# White Trash Yacht Club Fall Turkey Fry, Oct 20



## oldflathead (Oct 3, 2007)

This is a great group who meet twice each year. Fried mullet in the spring and turkey in the fall. I know some of you PFF'ers are members, just thought I would let others know. It costs $10 a year which includes the two meetings, beer, wine. each couple are asked to bring a dish to share.

This is not a racist group or anything of the sort, just a bunch of Good Ole Boys and Girls that don't care for some snooty yacht clubs. I was invited to join when we first arrived on Bayou Chico, early 90's. I guess my Red Neck and Mississippi background helped.

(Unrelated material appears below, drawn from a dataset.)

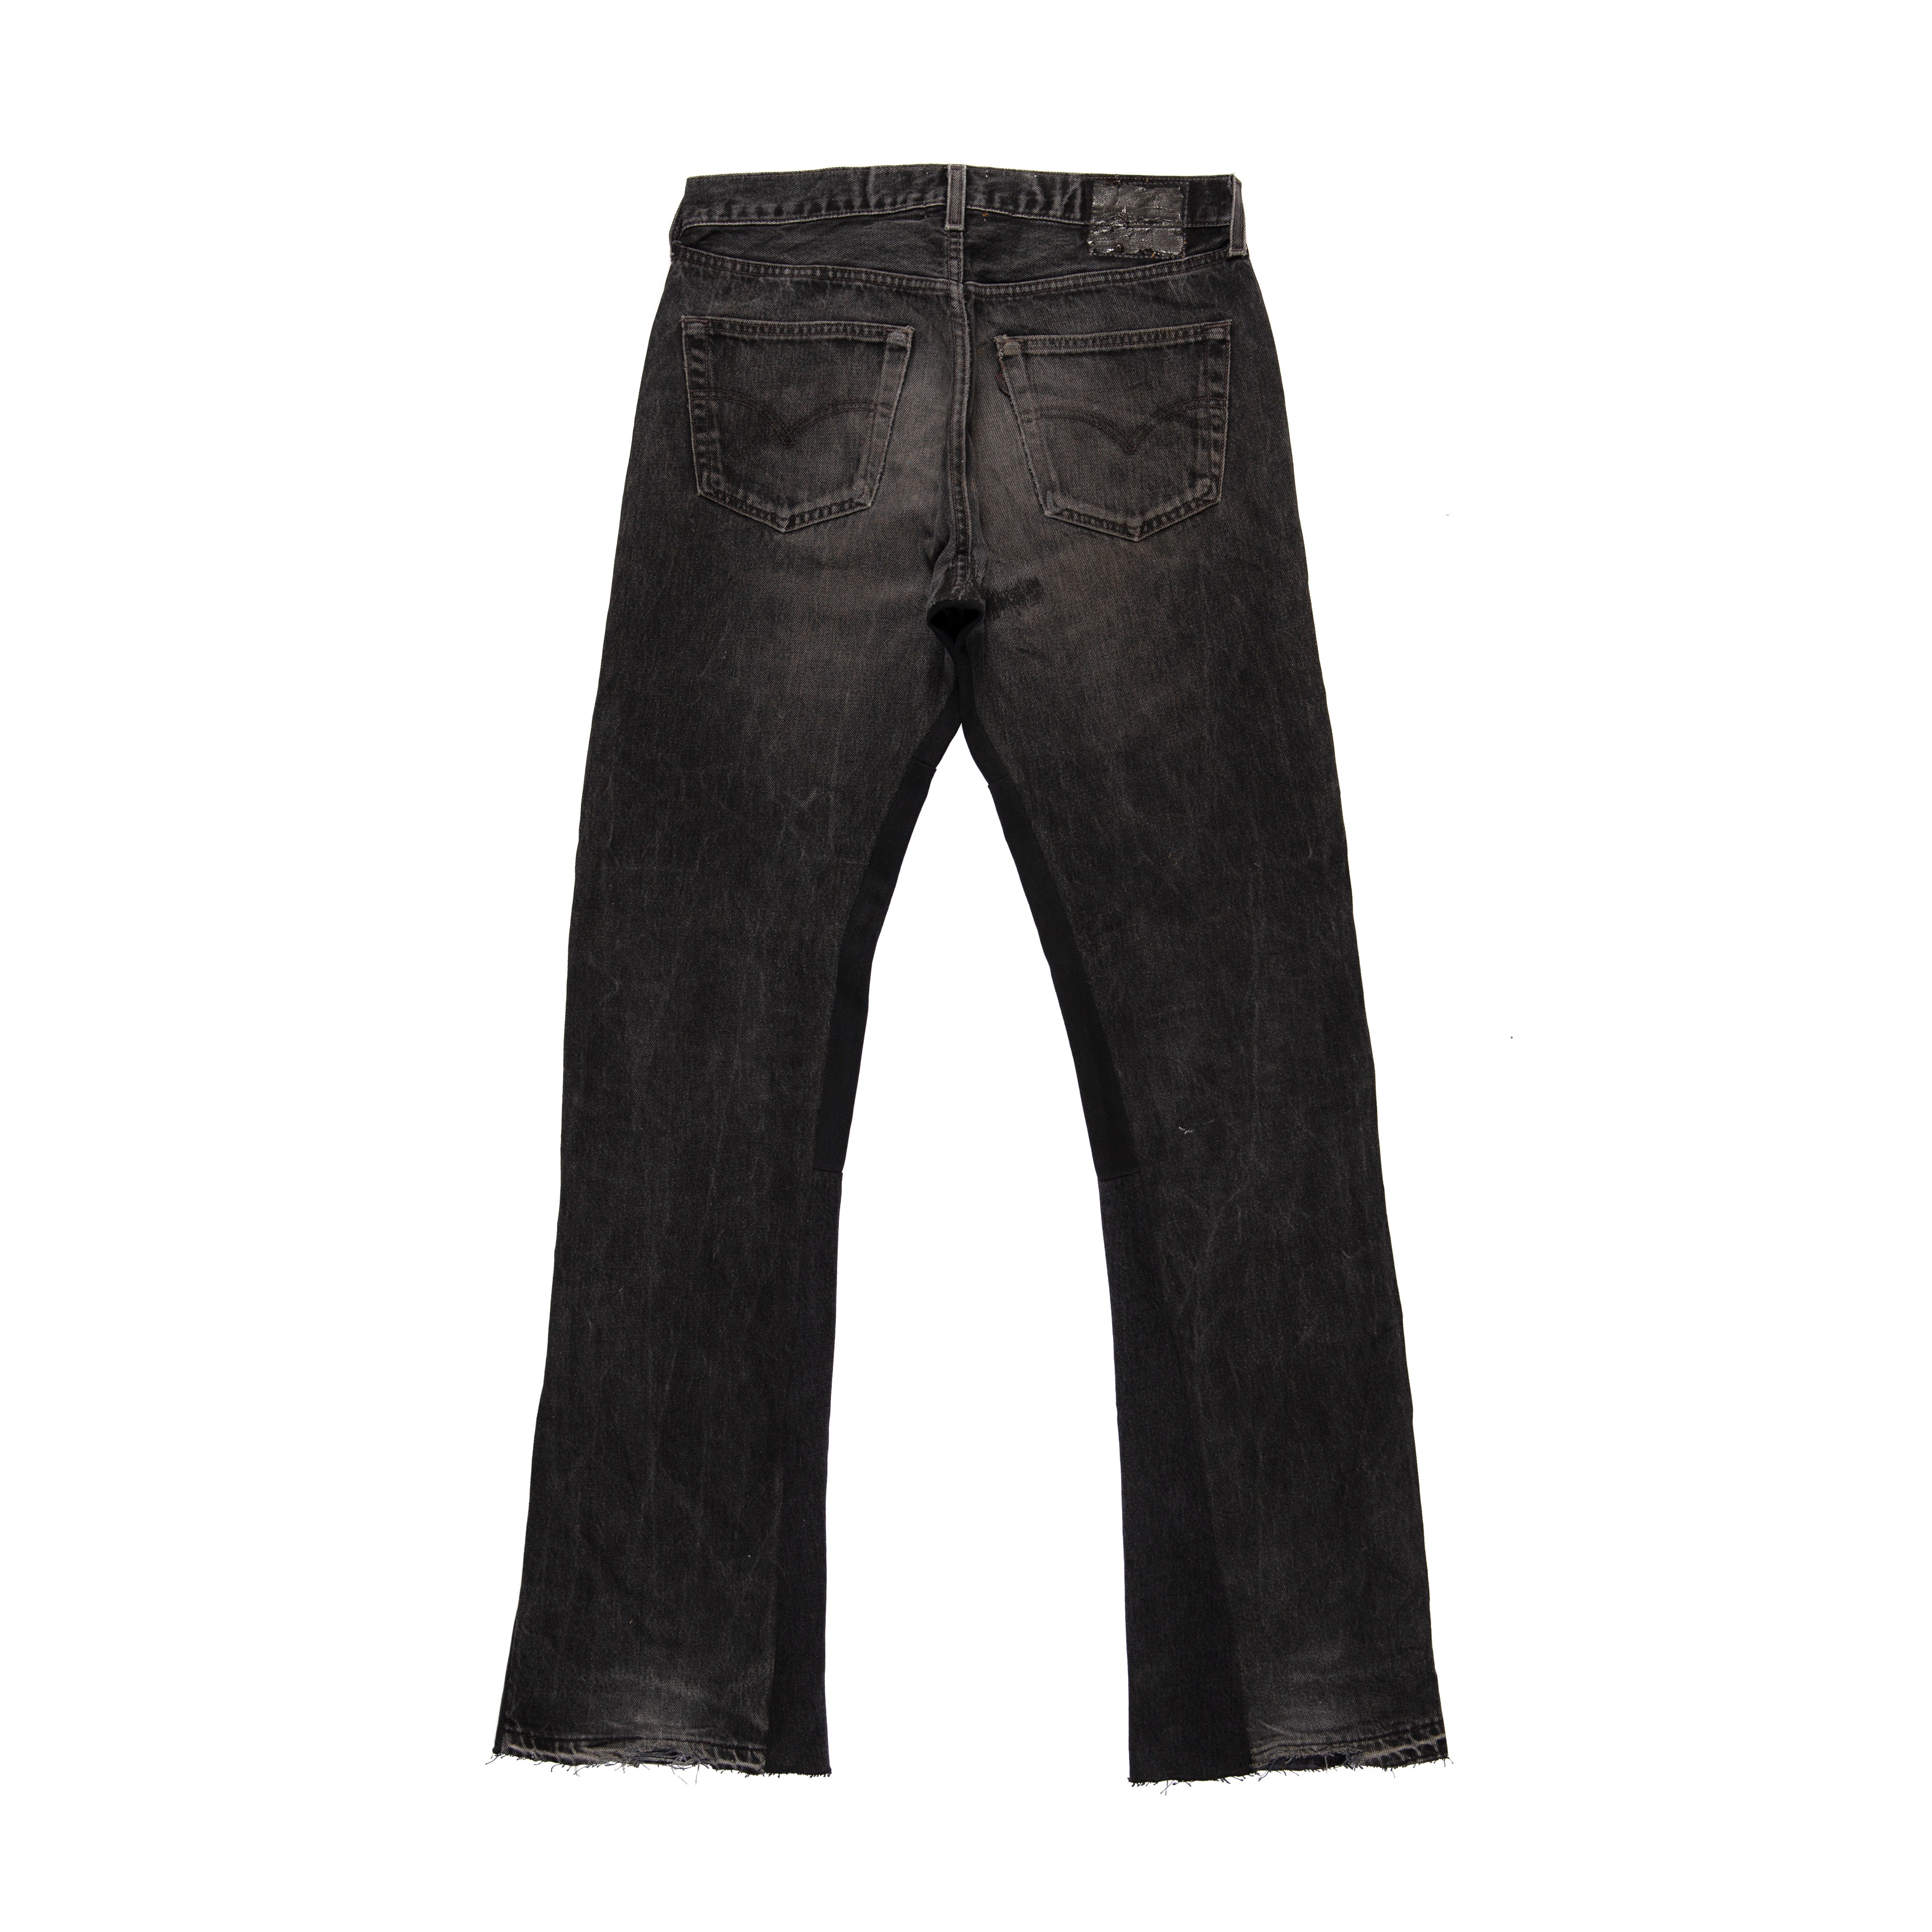 GALLERY DEPT. LA Blvd Flared Jeans - Farfetch
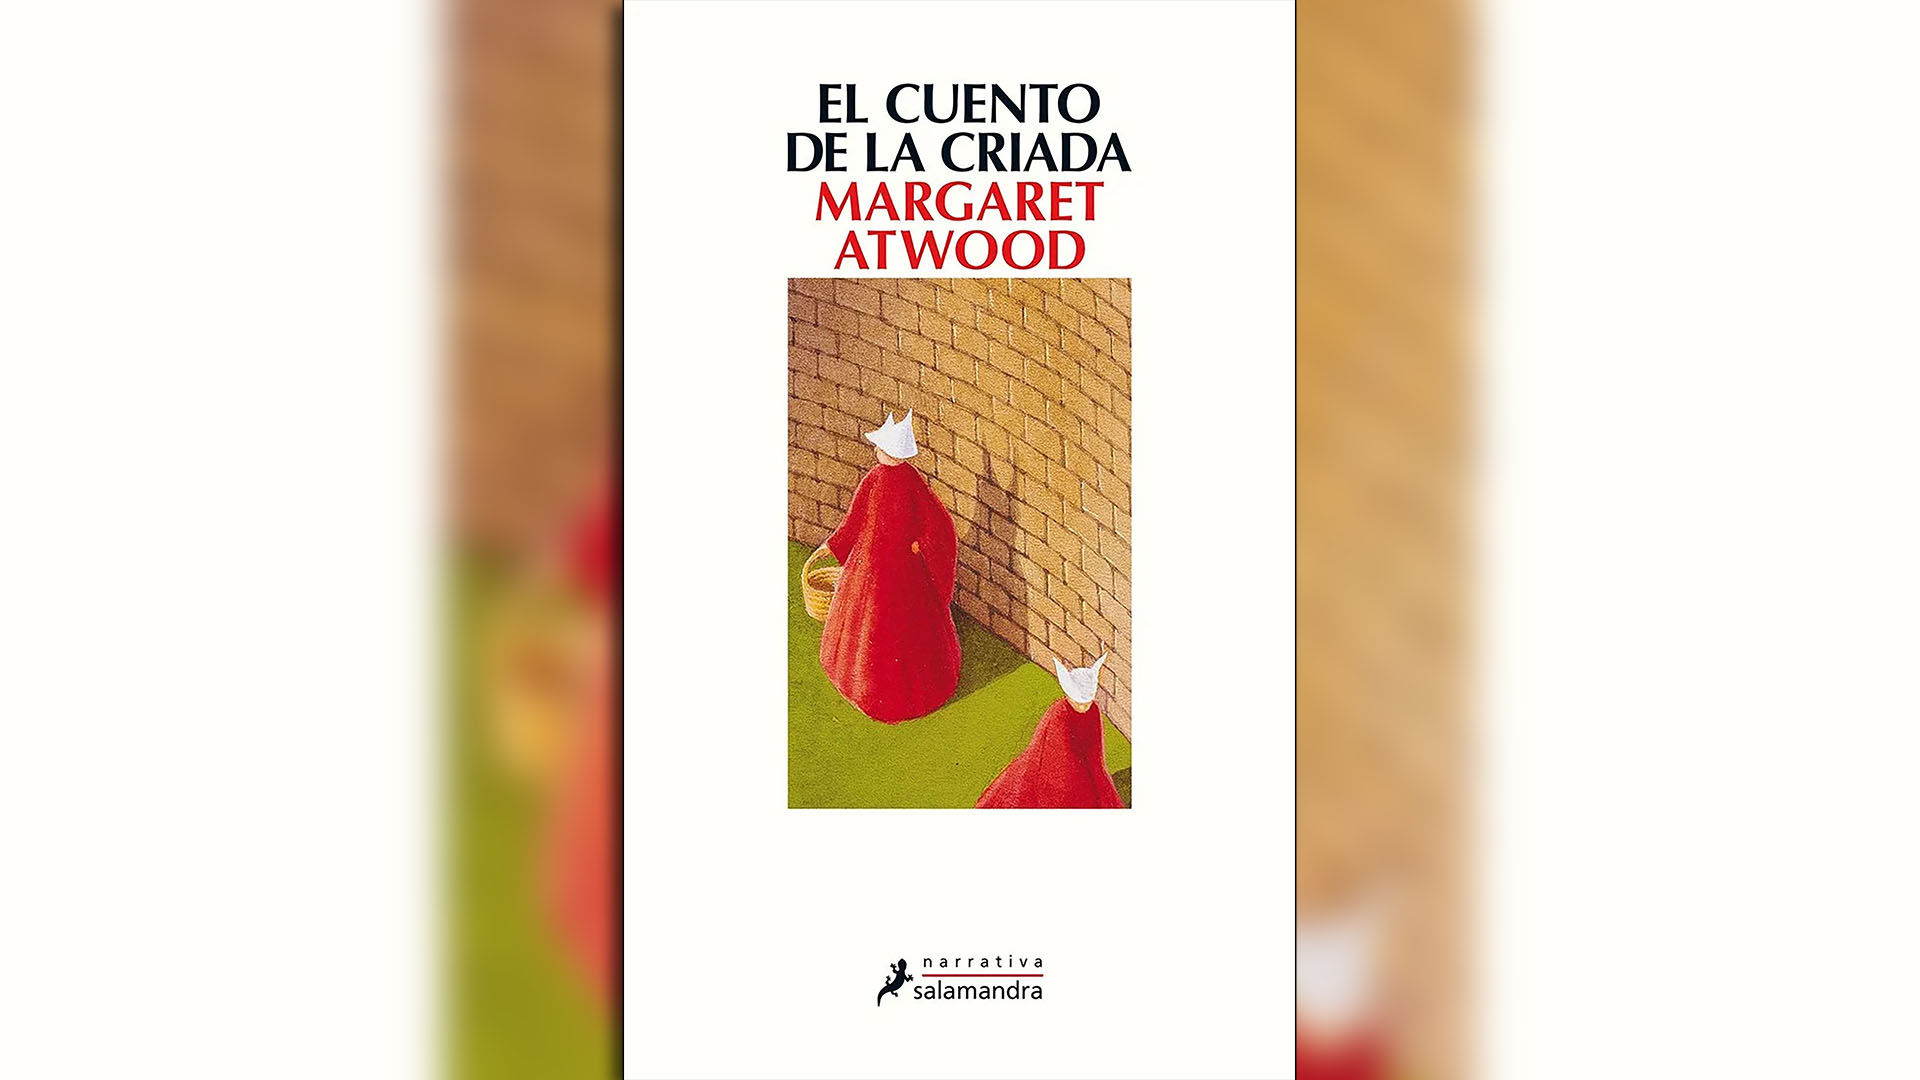 "El cuento de la criada", de Margaret Atwood, fue retirado de circulación en el estado de Florida

I will be glad to sponsor anyone - for a :mmmbeer

Tom


----------



## getbent (Oct 2, 2007)

now that sounds like my kind of crowd!!!!!!

Freebird forever!!


----------



## sharksurfer7494 (Jan 30, 2008)

DAMN THIS IS WHERE I BELONG!!!!!! Hello, I've moved here to the Orlando area almost 2 yrs ago from backwoods Alabama oopsI mean Florence.My yacht is 15ft long and I must work on it before i go back out in it I like surf fishing and need to know who the contact is for registraion or is itreal white trash registration(just show up):bowdown


----------



## taosx (Sep 27, 2007)

I was a member for several years, but just fell away from it for no particular reason. Agree with flathead though..was always a good time, and good people.



mark


----------